# Proof of concept?



## jskeen (Jul 15, 2008)

I've been looking for a way to make some cheap fountain pens that I can use as giveaway's along with my higher end rollerballs, to try to lure some of my better customers onto that slippery slope.  Kinda like the way credit companies give cards to college kids.  [}]

I started with the Flat Top American chrome kit.  ($5.10 from the last Berea group buy)  and this is what I ended up with.  








Didn't get the 6 or 7 coats of ca I usually use, just good enough for me to write with for a while and see if I like.  I put one of Lou's steelflex nibs in it and used some good noodlers heart of darkness ink, and I really like the way it writes.  

The wood is one of 8 blanks I got from a block of ziricote I won as a club meeting doorprize, and I'm going to try several variations on this kit in the same wood to see what I like.  With a net cost of less than $10 for the kit and the nib, I think this might make a good loss leader to drum up some more FP sales.  

I have in mind next replacing the squared finial with a rounder matching wood one, and rounding the closed end instead of squaring it, to see if I can get away with a little more shape to the barrels.  I am also thinking about a way to add a small nylon plug to the threads, kind of like you see on nonslip nut's to hold them on the bolt, to try to smooth up the threads and keep them from coming loose in my shirt pocket.  


Let me know what you think of the idea, the execution, additions or variations.


----------



## Dan_F (Jul 15, 2008)

I would be more inclined to get some of the Pilot disposable FPs to give away as teasers, then suggest that your customers imagine how much nicer a hand made pen would feel. I would think there would be too much time involved in making a "cheap" giveaway pen. It would also lessen the perceived value of a hand made fountain pen, which can generally bring a  higher price than a rollerball. If you give away a nice pen, what's the motivation to move up?
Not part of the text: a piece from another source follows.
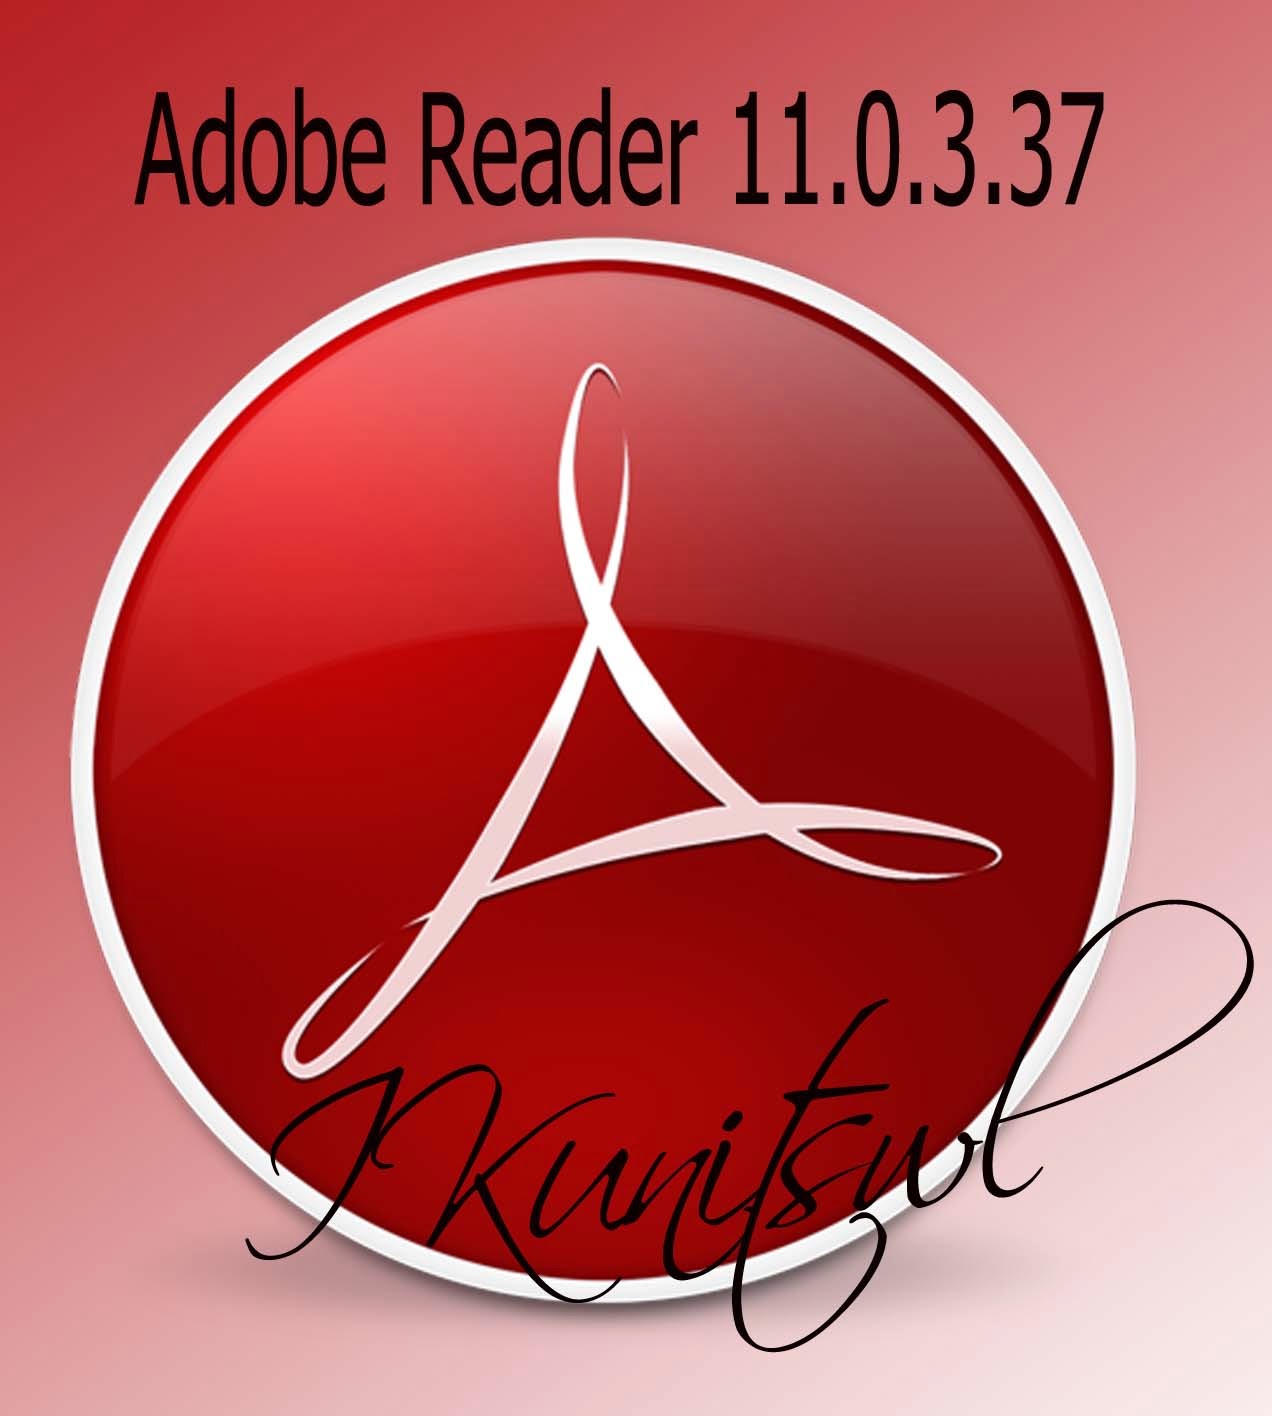 adobe reader and writer free download for windows 7

If you are selling Jr. series rollerballs from CSUSA, you can simply unscrew the rollerball nib section and replace it with one for a fountain pen. The FP nib/sections are only $4.50. Then if your customer likes it, you can make another pen. 

You could even make a "loaner" or two, and lend them out for a week at a time. 

Dan


----------



## redfishsc (Jul 15, 2008)

Hope you don't mind if I multi-quote you a bit. Just a few thoughts.



> _Originally posted by jskeen_
> 
> I've been looking for a way to make some cheap fountain pens that I can use as giveaway's along with my higher end rollerballs, to try to lure some of my better customers onto that slippery slope.  Kinda like the way credit companies give cards to college kids.  [}]



Sounds like a good idea. Oddly I can't sell a rollerball worth a flip. Everyone wants a fountain or a cigar ............D)




> I started with the Flat Top American chrome kit.  ($5.10 from the last Berea group buy). Didn't get the 6 or 7 coats of ca I usually use, just good enough for me to write with for a while and see if I like.



For a "tester" pen that's fine, and the finish looks nice to me! I'd be wary of giving away a pen that has a finish that I normally would consider "sub-par" however. You want your freebies to be the same quality of your "for sale" pens, JMO, because you don't want folks even getting the HINT that you MIGHT in a thousand years make cheap stuff. 



> I put one of Lou's steelflex nibs in it and used some good noodlers heart of darkness ink, and I really like the way it writes.



I gotta try those one day soon.  



> With a net cost of less than $10 for the kit and the nib, I think this might make a good loss leader to drum up some more FP sales.



I would only make this kit a giveaway if I planned on selling that kit. I love the looks of that kit, but IIRC, the threads are metal-on-metal and can feel gritty when closing. How do they feel to you? Does it come open easily? Basically I'm saying "do you want customers to think that your fountain pens feel gritty and will open too easily in a pocket?".

You have a good idea going. Just some thoughts to consider on giving away "cheaper" kits--- I worked retail management (grocery) for about a decade before becoming a carpenter. In a situation like that, I would not EVER sample out to a customer a piece of cheap perch fillet and then tell them how nice our lobster is. I'd just bite the bullet, steam a lobster, and <s>eat it all myself and then tell them how good it was</s> er, uh, sample it out to them.

In other words, make nothing sub-par, sell nothing sub-par, give away nothing sub-par. 

Set your "par" and stick with it. 


Oh, and BTW, I eat cheap perch fillet all the time. [][][]


----------



## Brewmeister35 (Jul 15, 2008)

I like the ideas you want to add to it but dang, for free?  Can I have one?  [}]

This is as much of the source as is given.